Starting a Conversation

The simplest way to begin is with RubyLLM.chat, which creates a Chat instance using the configured default model (often a capable OpenAI GPT model).

chat = RubyLLM.chat

# The ask method sends a user message and returns the assistant's response
response = chat.ask "Explain the concept of 'Convention over Configuration' in Rails."

# The response is a RubyLLM::Message object
puts response.content
# => "Convention over Configuration (CoC) is a core principle of Ruby on Rails..."

# The response object contains metadata
puts "Model Used: #{response.model_id}"
puts "Tokens Used: #{response.input_tokens} input, #{response.output_tokens} output"

The ask method (aliased as say) adds your message to the conversation history with the :user role and then triggers a request to the AI provider. The returned RubyLLM::Message object represents the assistant’s reply.

Continuing the Conversation

The Chat object maintains the conversation history. Subsequent calls to ask build upon the previous messages.

# Continuing the previous chat...
response = chat.ask "Can you give a specific example in Rails?"
puts response.content
# => "Certainly! A classic example is database table naming..."

# Access the full conversation history
chat.messages.each do |message|
  puts "[#{message.role.to_s.upcase}] #{message.content.lines.first.strip}"
end
# => [USER] Explain the concept of 'Convention over Configuration' in Rails.
# => [ASSISTANT] Convention over Configuration (CoC) is a core principle...
# => [USER] Can you give a specific example in Rails?
# => [ASSISTANT] Certainly! A classic example is database table naming...

Each call to ask sends the entire current message history (up to the model’s context limit) to the provider, allowing the AI to understand the context of your follow-up questions.

Guiding the AI with Instructions

You can provide instructions, also known as system prompts, to guide the AI’s behavior, persona, or response format throughout the conversation. Use the with_instructions method.

chat = RubyLLM.chat

# Set the initial instruction
chat.with_instructions "You are a helpful assistant that explains Ruby concepts simply, like explaining to a five-year-old."

response = chat.ask "What is a variable?"
puts response.content
# => "Imagine you have a special box, and you can put things in it..."

# Use replace: true to ensure only the latest instruction is active
chat.with_instructions "Always end your response with 'Got it?'", replace: true

response = chat.ask "What is a loop?"
puts response.content
# => "A loop is like singing your favorite song over and over again... Got it?"

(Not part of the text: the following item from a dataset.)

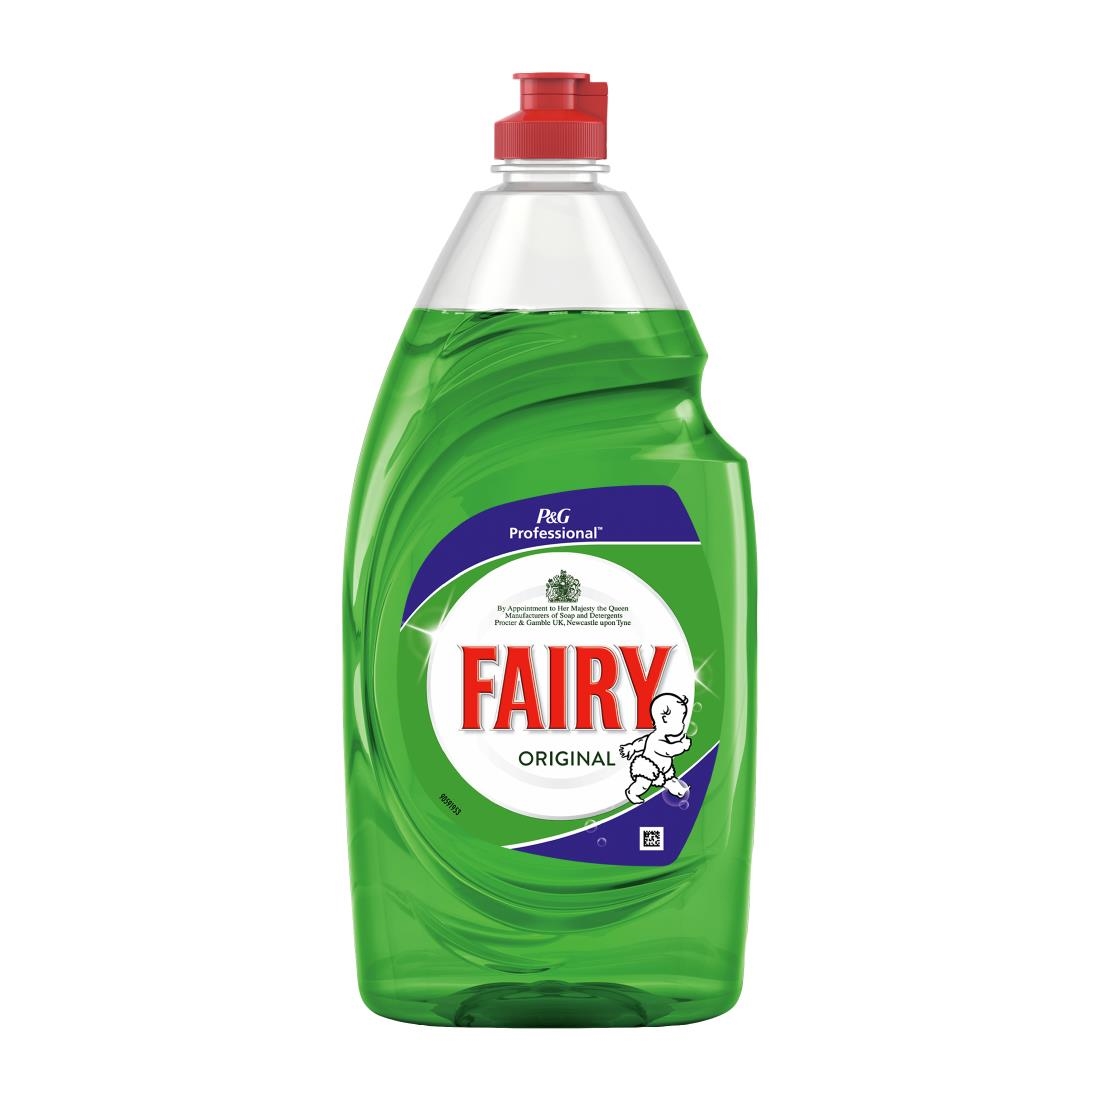 Fairy Professional Concentrated Washing Up Liquid Original 900ml Pack of 6 (DX556)

Instructions are prepended to the conversation history as messages with the :system role. They are particularly useful for setting a consistent tone or providing context the AI should always consider. If you are using the Rails Integration, these system messages are persisted along with user and assistant messages.

Selecting Models and Providers

While RubyLLM.chat uses the default model, you can easily specify a different one.

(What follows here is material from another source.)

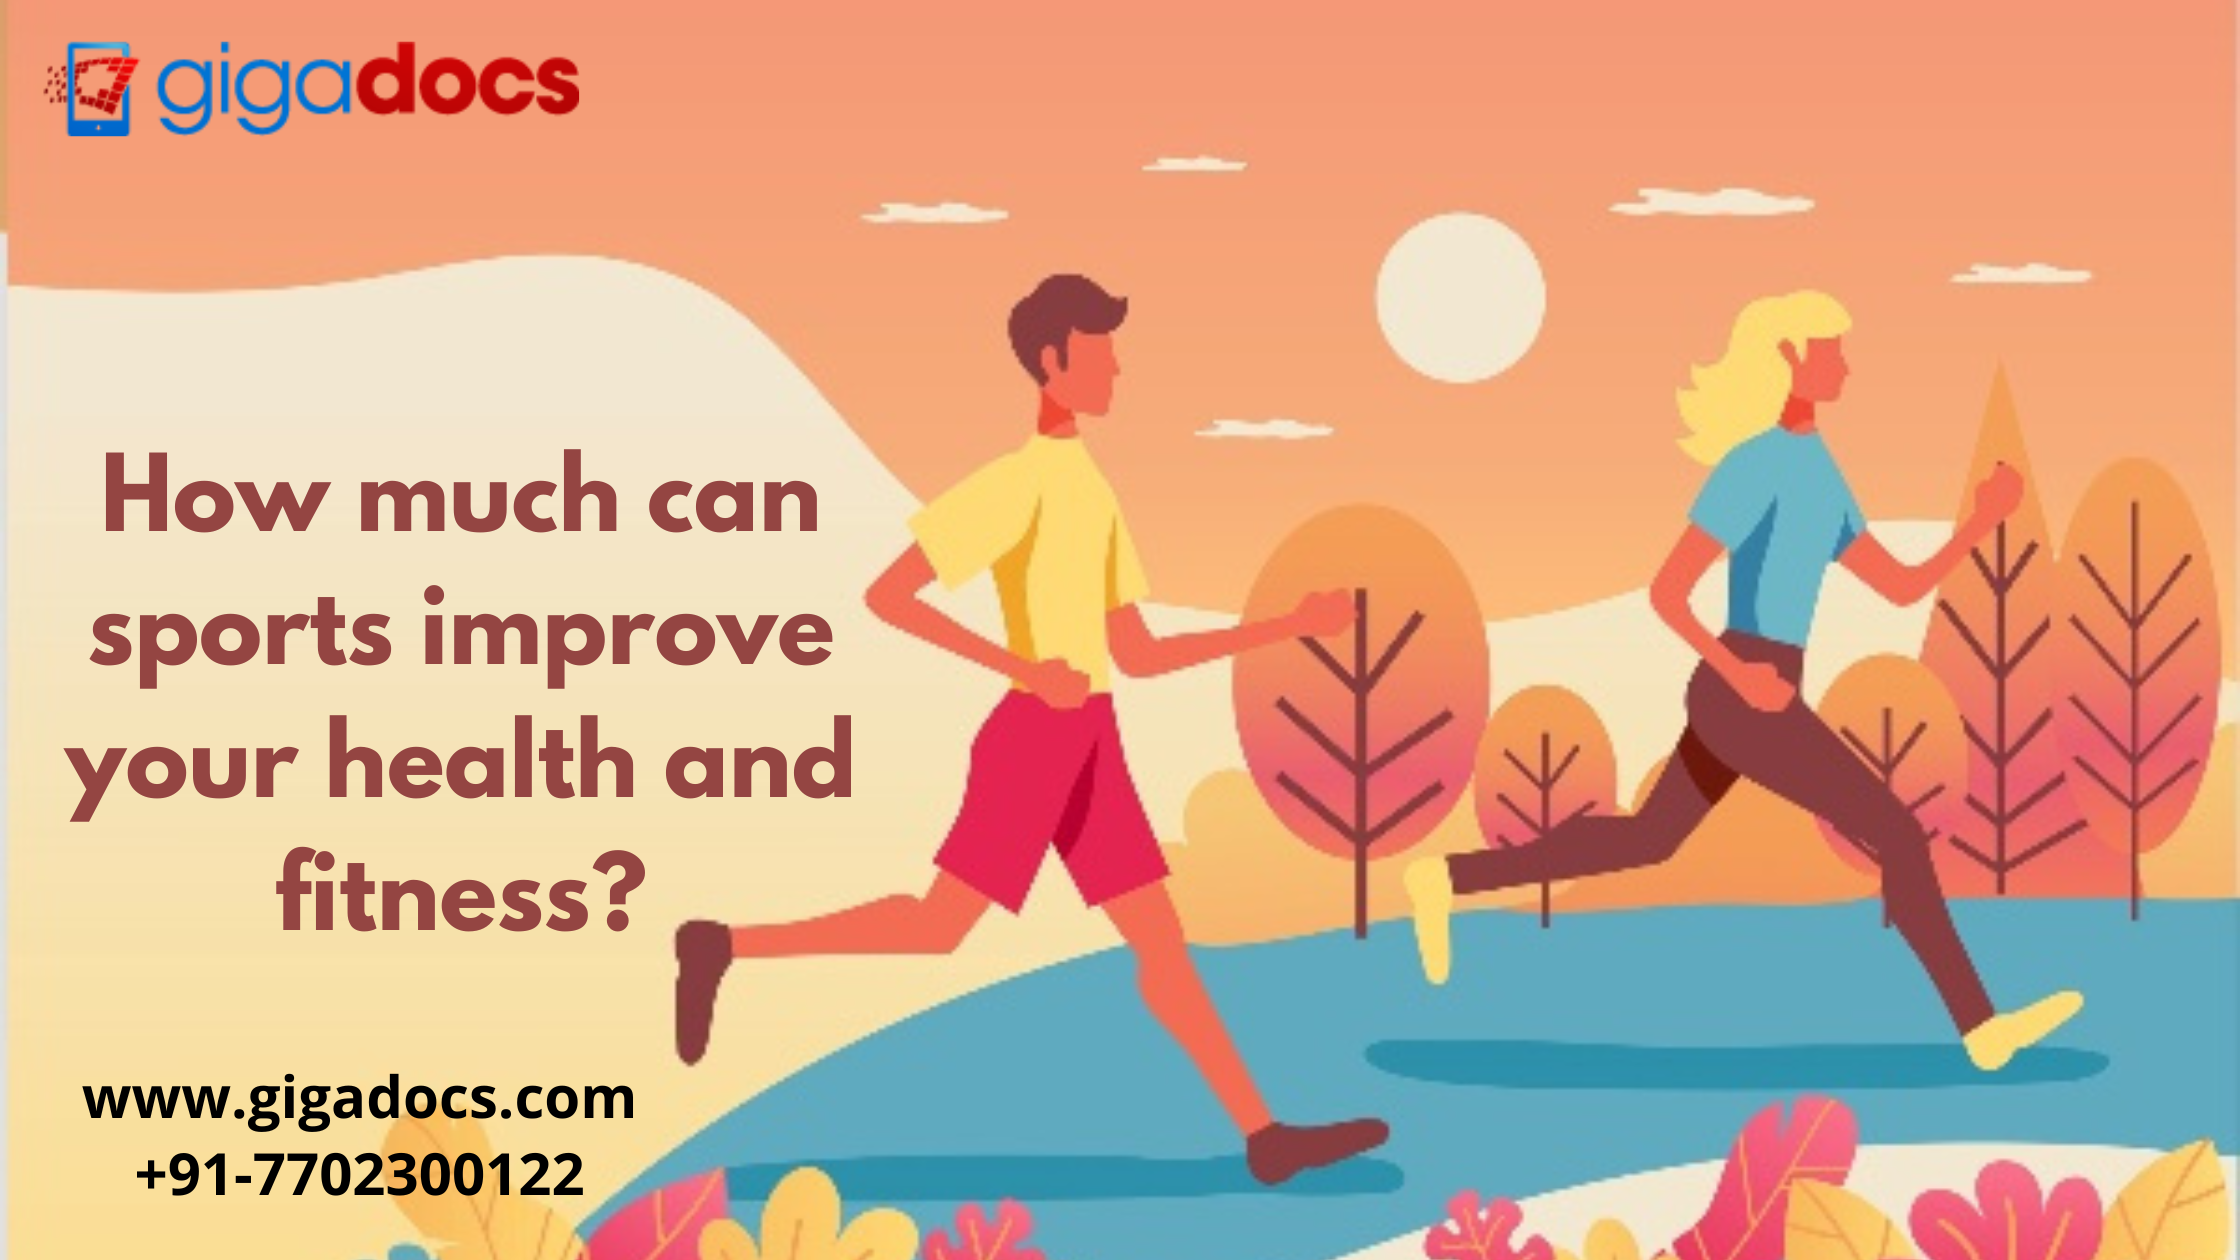 https://www.gigadocs.com/blog/wp-content/uploads/2022/09/How-much-can-sports-improve-your-health-and-fitness.png

# Use a specific model via ID or alias
chat_claude = RubyLLM.chat(model: 'claude-3-5-sonnet')
chat_gemini = RubyLLM.chat(model: 'gemini-1.5-pro-latest')

# Change the model on an existing chat instance
chat = RubyLLM.chat(model: 'gpt-4.1-nano')
response1 = chat.ask "Initial question for GPT..."
puts response1.content

response2 = chat.with_model('claude-3-opus-20240229').ask("Follow-up question for Claude...")
puts response2.content

RubyLLM manages a registry of known models and their capabilities. For detailed information on finding models, using aliases, checking capabilities, and working with custom or unlisted models (using assume_model_exists: true), please refer to the Working with Models Guide.

Multi-modal Conversations

Modern AI models can often process more than just text. RubyLLM provides a unified way to include images, audio, and even PDFs in your chat messages using the with: option in the ask method.

Working with Images

Provide image paths or URLs to vision-capable models (like gpt-4o, claude-3-opus, gemini-1.5-pro).

# Ensure you select a vision-capable model
chat = RubyLLM.chat(model: 'gpt-4o')

# Ask about a local image file
response = chat.ask "Describe this logo.", with: { image: "path/to/ruby_logo.png" }
puts response.content

# Ask about an image from a URL
response = chat.ask "What kind of architecture is shown here?", with: { image: "https://example.com/eiffel_tower.jpg" }
puts response.content

# Send multiple images
response = chat.ask "Compare the user interfaces in these two screenshots.", with: {
  image: ["screenshot_v1.png", "screenshot_v2.png"]
}
puts response.content

RubyLLM handles converting the image source into the format required by the specific provider API.

Working with Audio

Provide audio file paths to audio-capable models (like gpt-4o-audio-preview).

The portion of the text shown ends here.